As a sojourning, landless missionary community the Kingdom of God doesn't claim and then defend space over against others in the world. As the old hymn testifies, "this world is not my home, I'm just a passing through."
To be sure, the pilgrim nature of the Kingdom can tend toward the escapist. But the eccentric metaphor can help here by highlighting that the issue isn't escaping from the world but, rather, being radically in the world. The goal isn't to leave the world but to live in the world without boundaries.
The Kingdom doesn't withdraw and hunker down behind bunkers and high walls. Rather, the faith community is sent into the world as salt and light. Not of the world, but very much in the world. The separation between the Kingdom and the world isn't a boundary but one of vocation and calling.

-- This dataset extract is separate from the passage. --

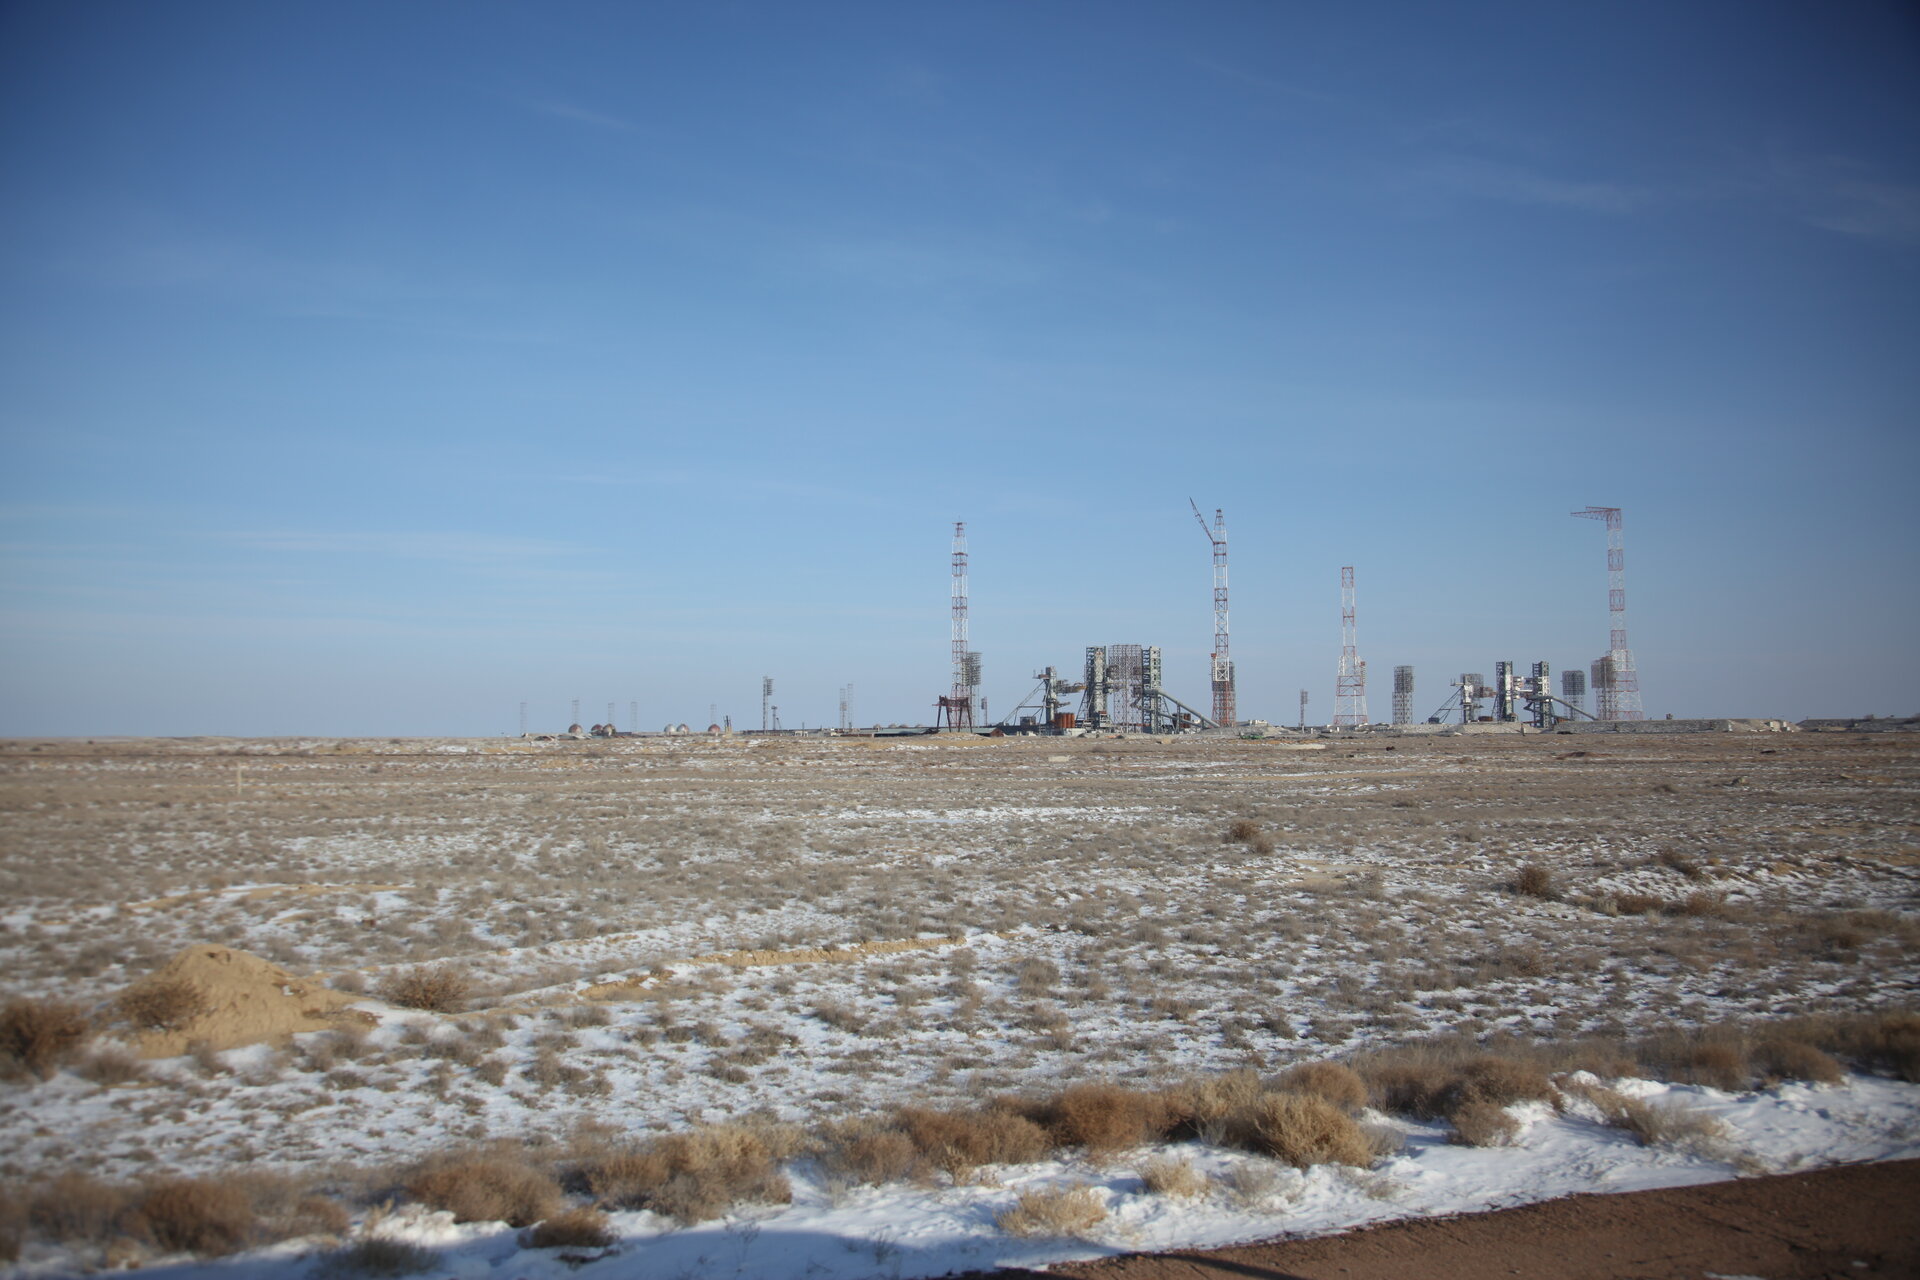 Baikonur launch site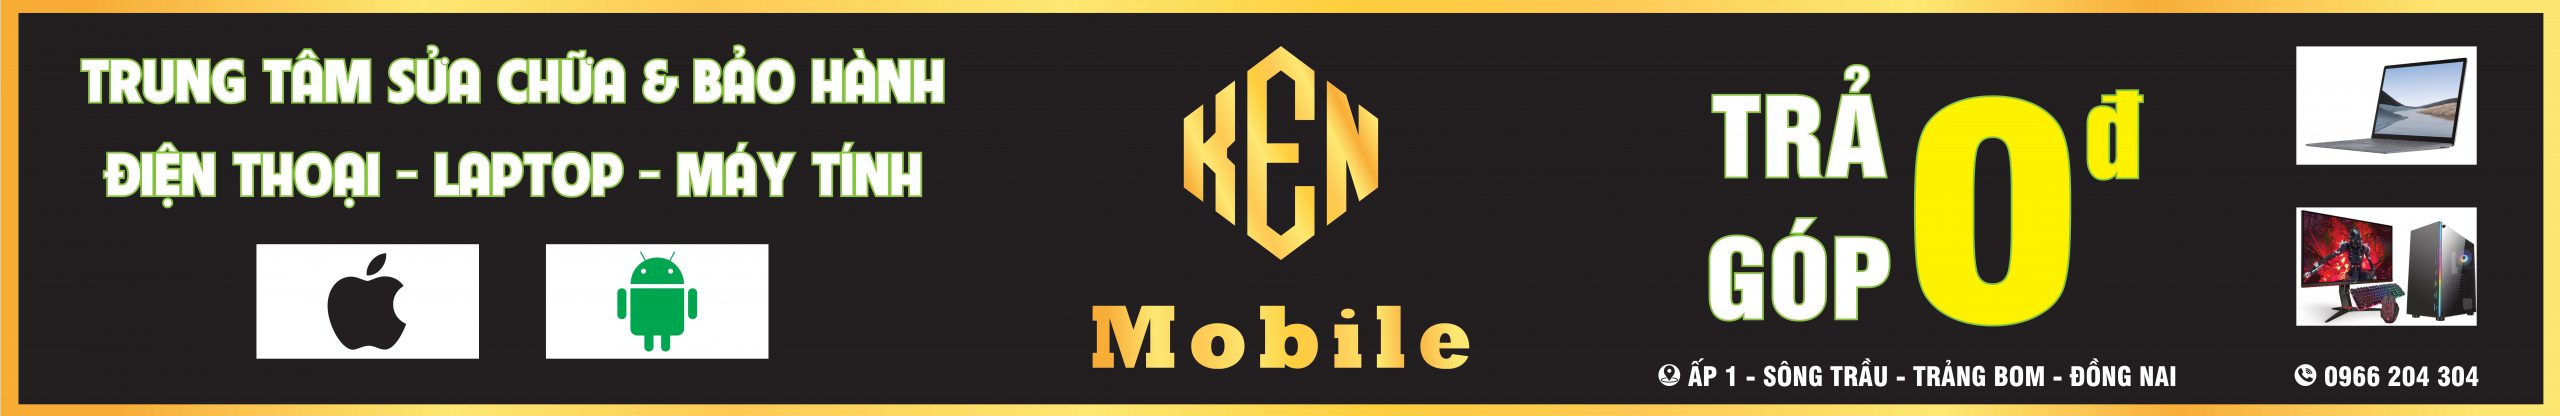 Ken Mobile

As my ACU colleague Randy Harris has remarked, perhaps the only good thing that came out of the wars in Iraq and Afghanistan is that the word "embedded," where journalists were described as being embedded among the combat troops, became a common word. Because the word embedded is a perfect word to describe the relationship between the church and the world.
The eccentric Kingdom doesn't claim territory over against the world. The eccentric Kingdom doesn't erect walls to create a gated community. Rather, the eccentric Kingdom, like salt and leaven, is embedded in the world.
The eccentric Kingdom is the embedded, pilgrim, landless, possessionless, homeless, sojourning, itinerant missionary community called and commissioned to live lives of radical service and availability to the world.